## Exercise description
Reproduce the listing that follows word for word, without its pictures.

-- Data provided follows --

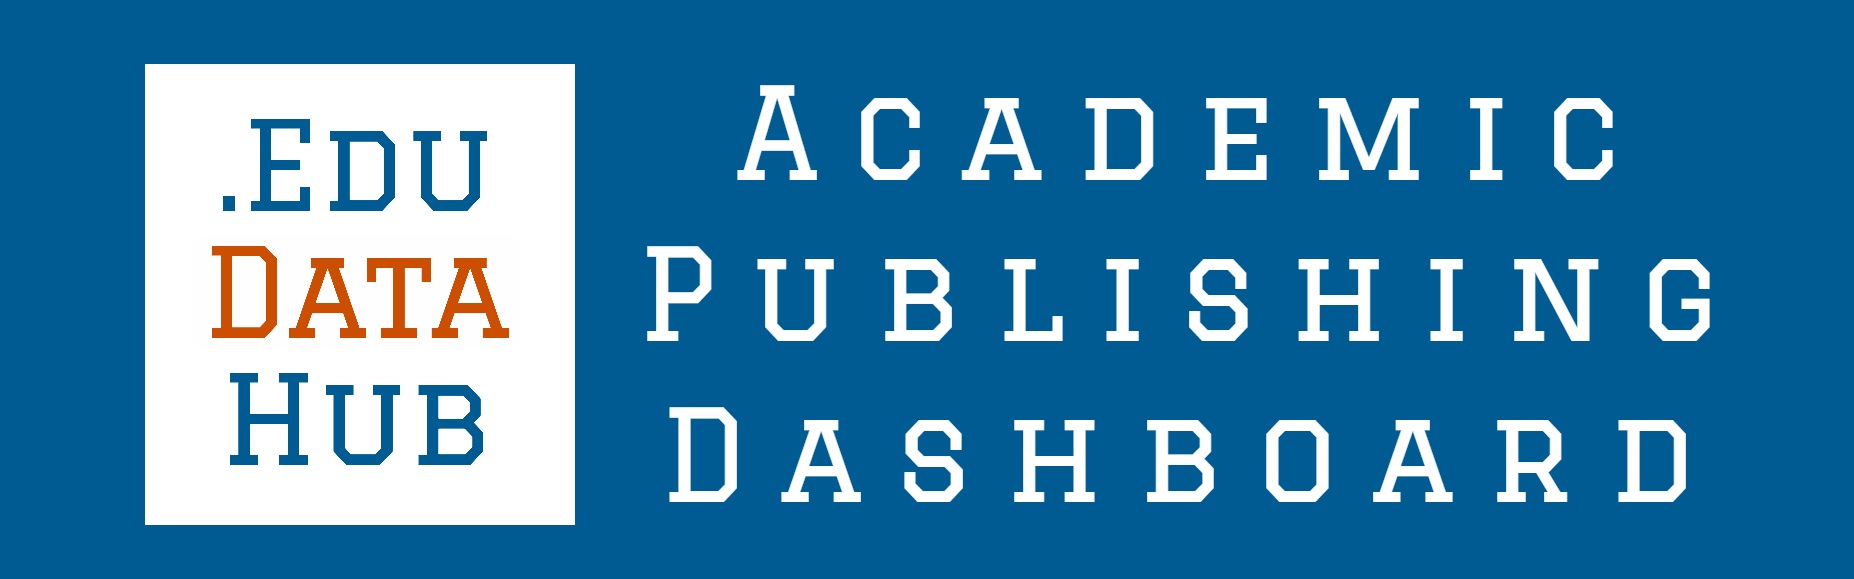 EduDataHub Academic Publishing Dashboard
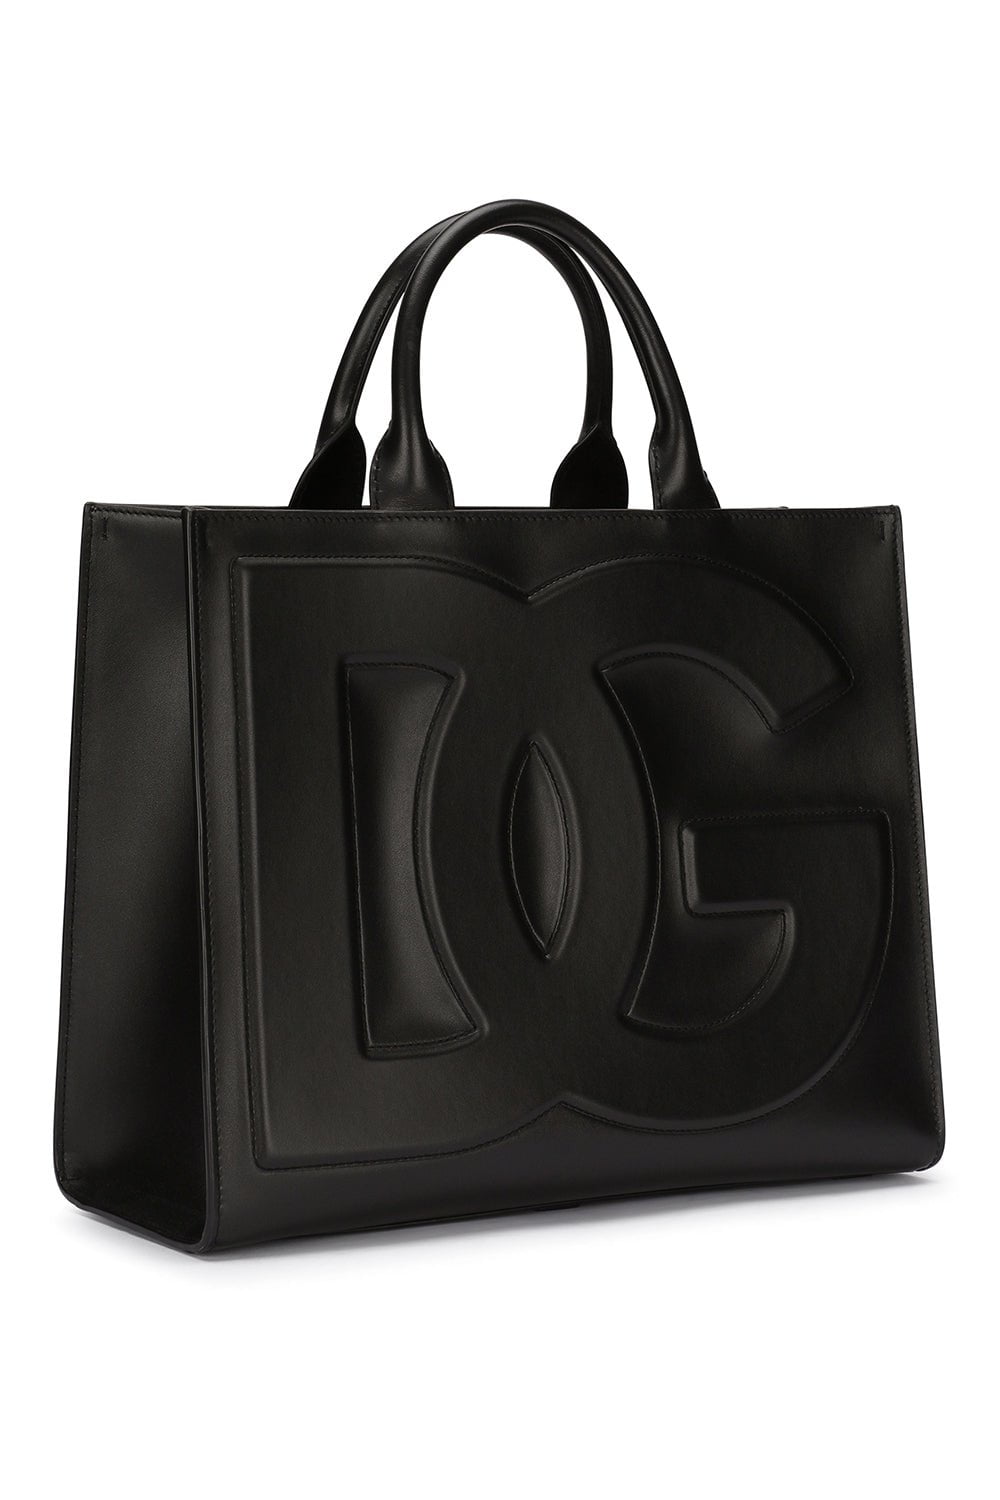 DOLCE & GABBANA-Small DG Logo Daily Shopper-BLACK
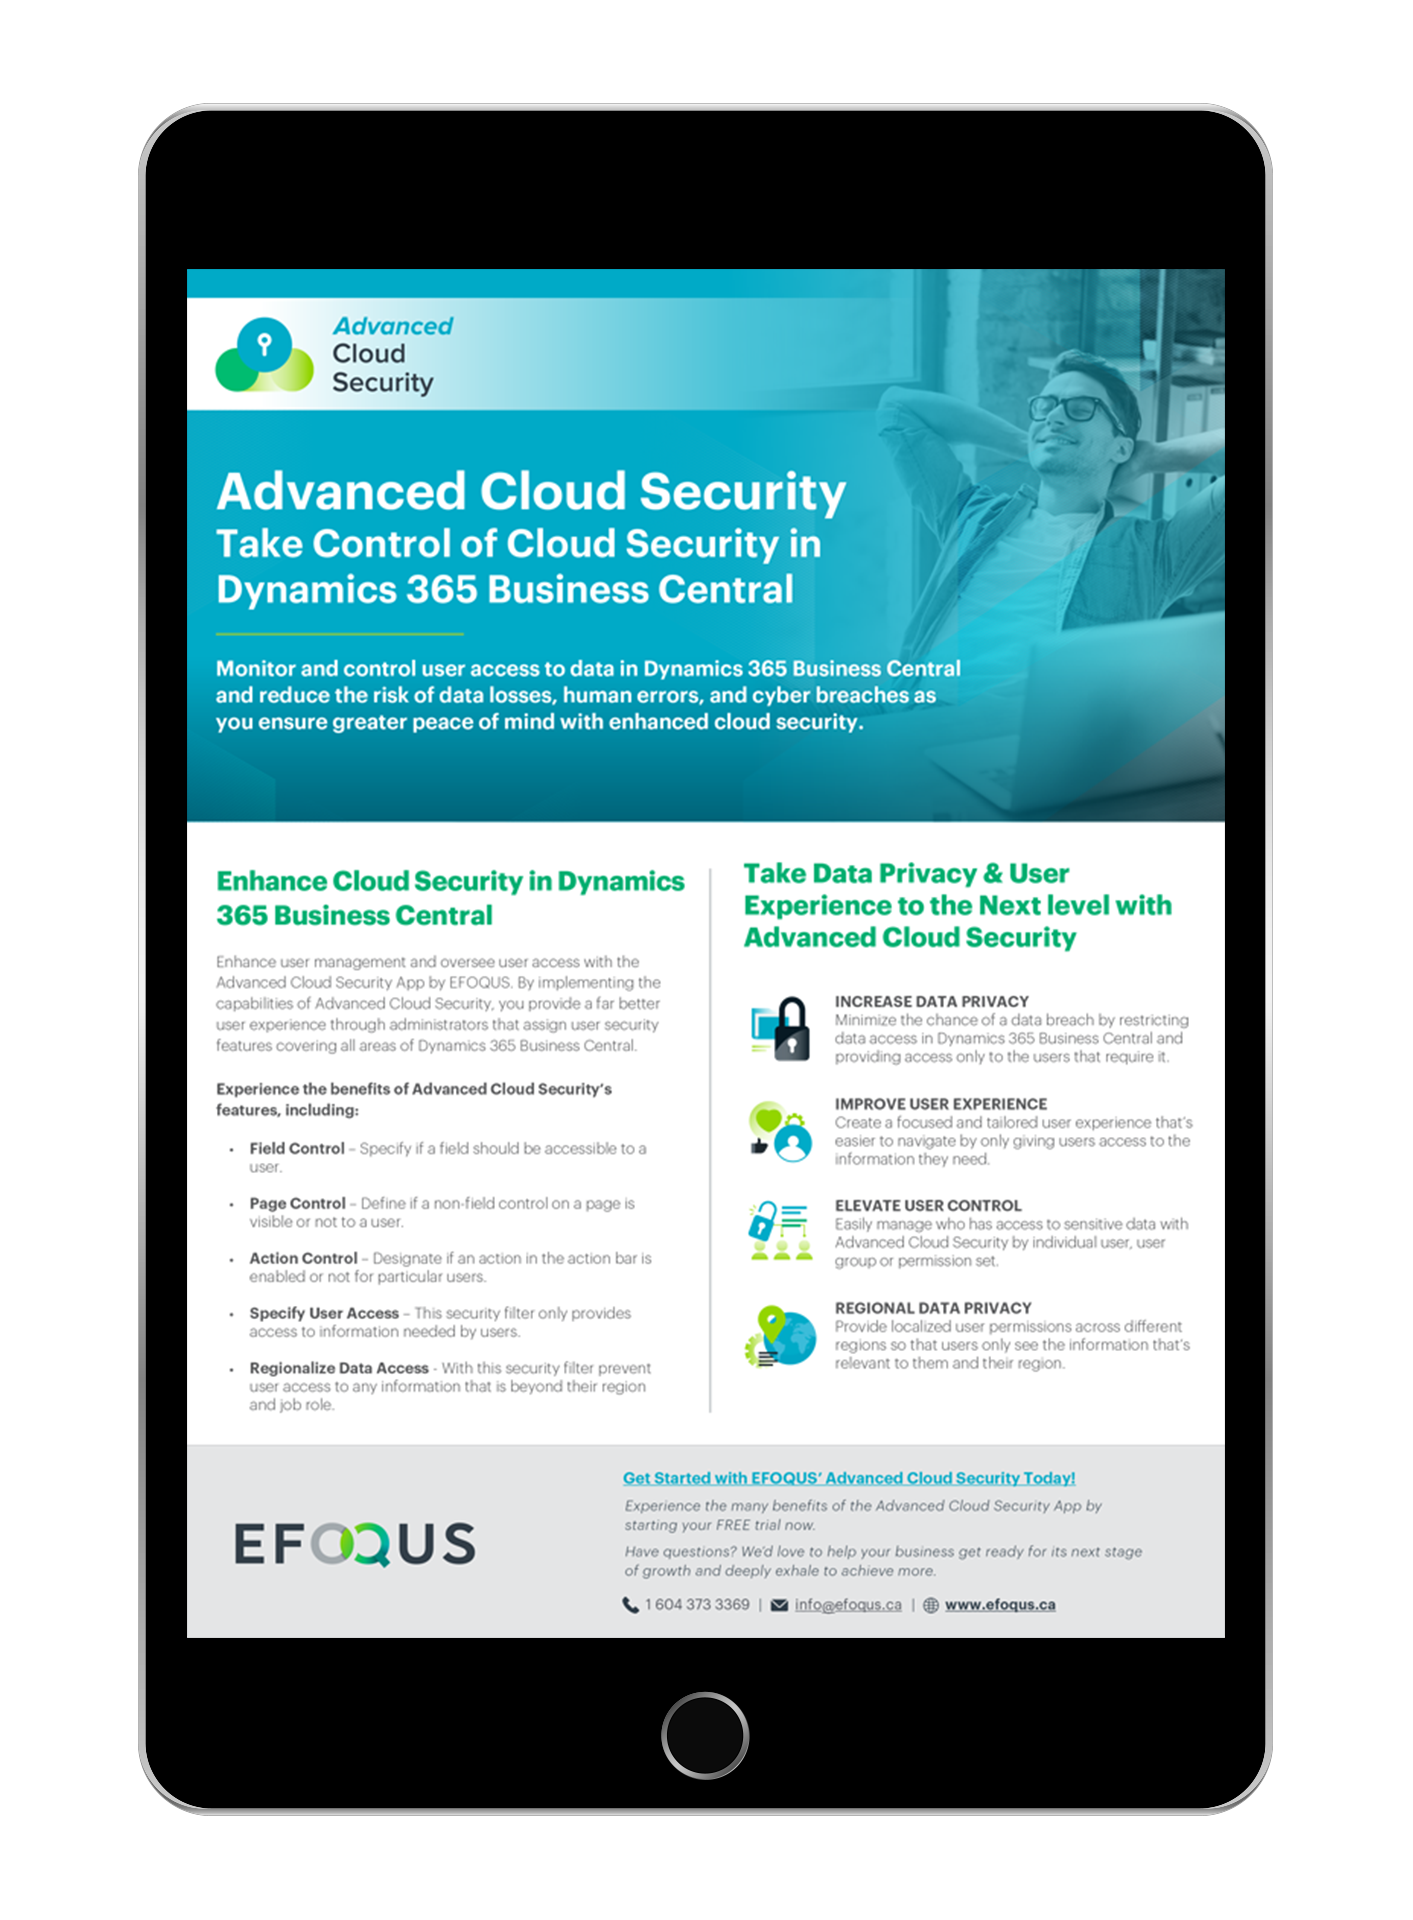 EFOQUS - advanced cloud security guide - microsoft dynamics 365 resource
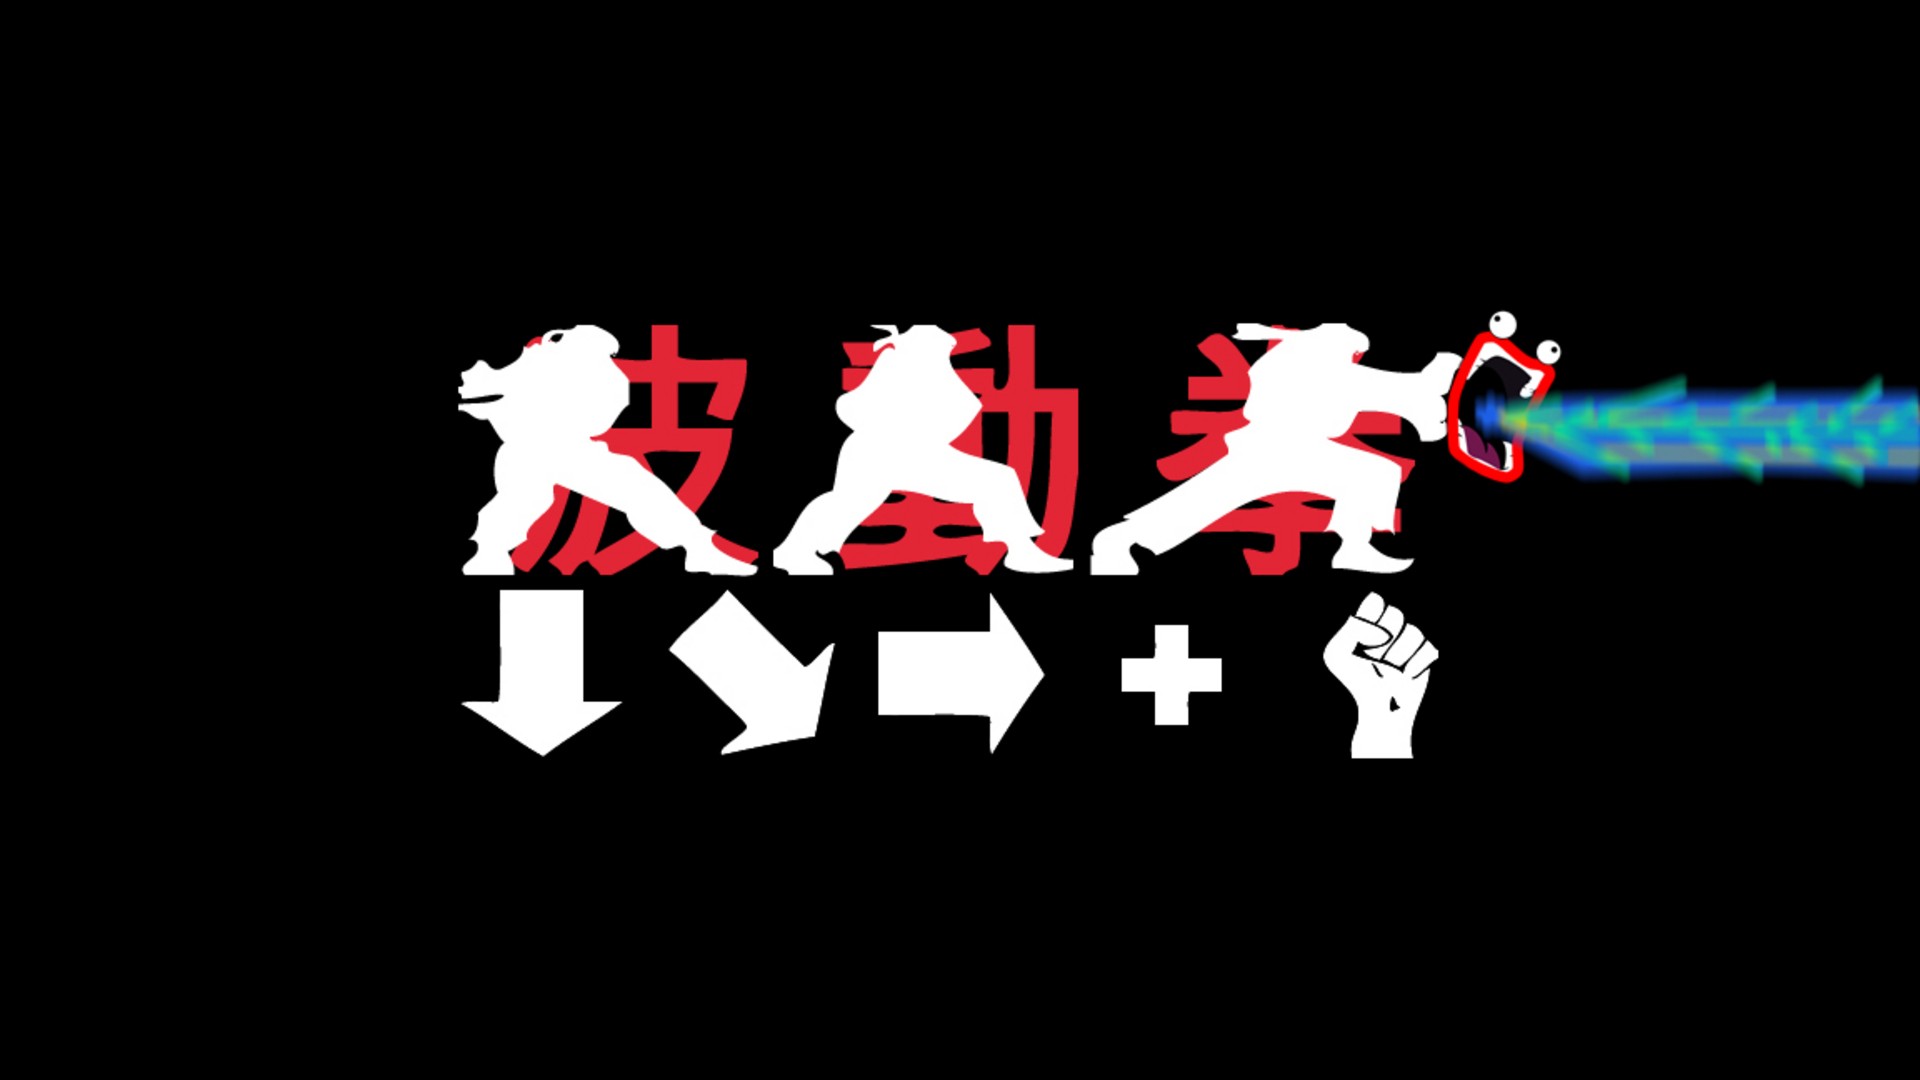 General 1920x1080 video games Hadouken memes Street Fighter simple background black background video game art

-- Data provided concluded --

## Solution
 EduDataHub Academic Publishing Dashboard
 DOLCE & GABBANA-Small DG Logo Daily Shopper-BLACK
 EFOQUS - advanced cloud security guide - microsoft dynamics 365 resource
 General 1920x1080 video games Hadouken memes Street Fighter simple background black background video game art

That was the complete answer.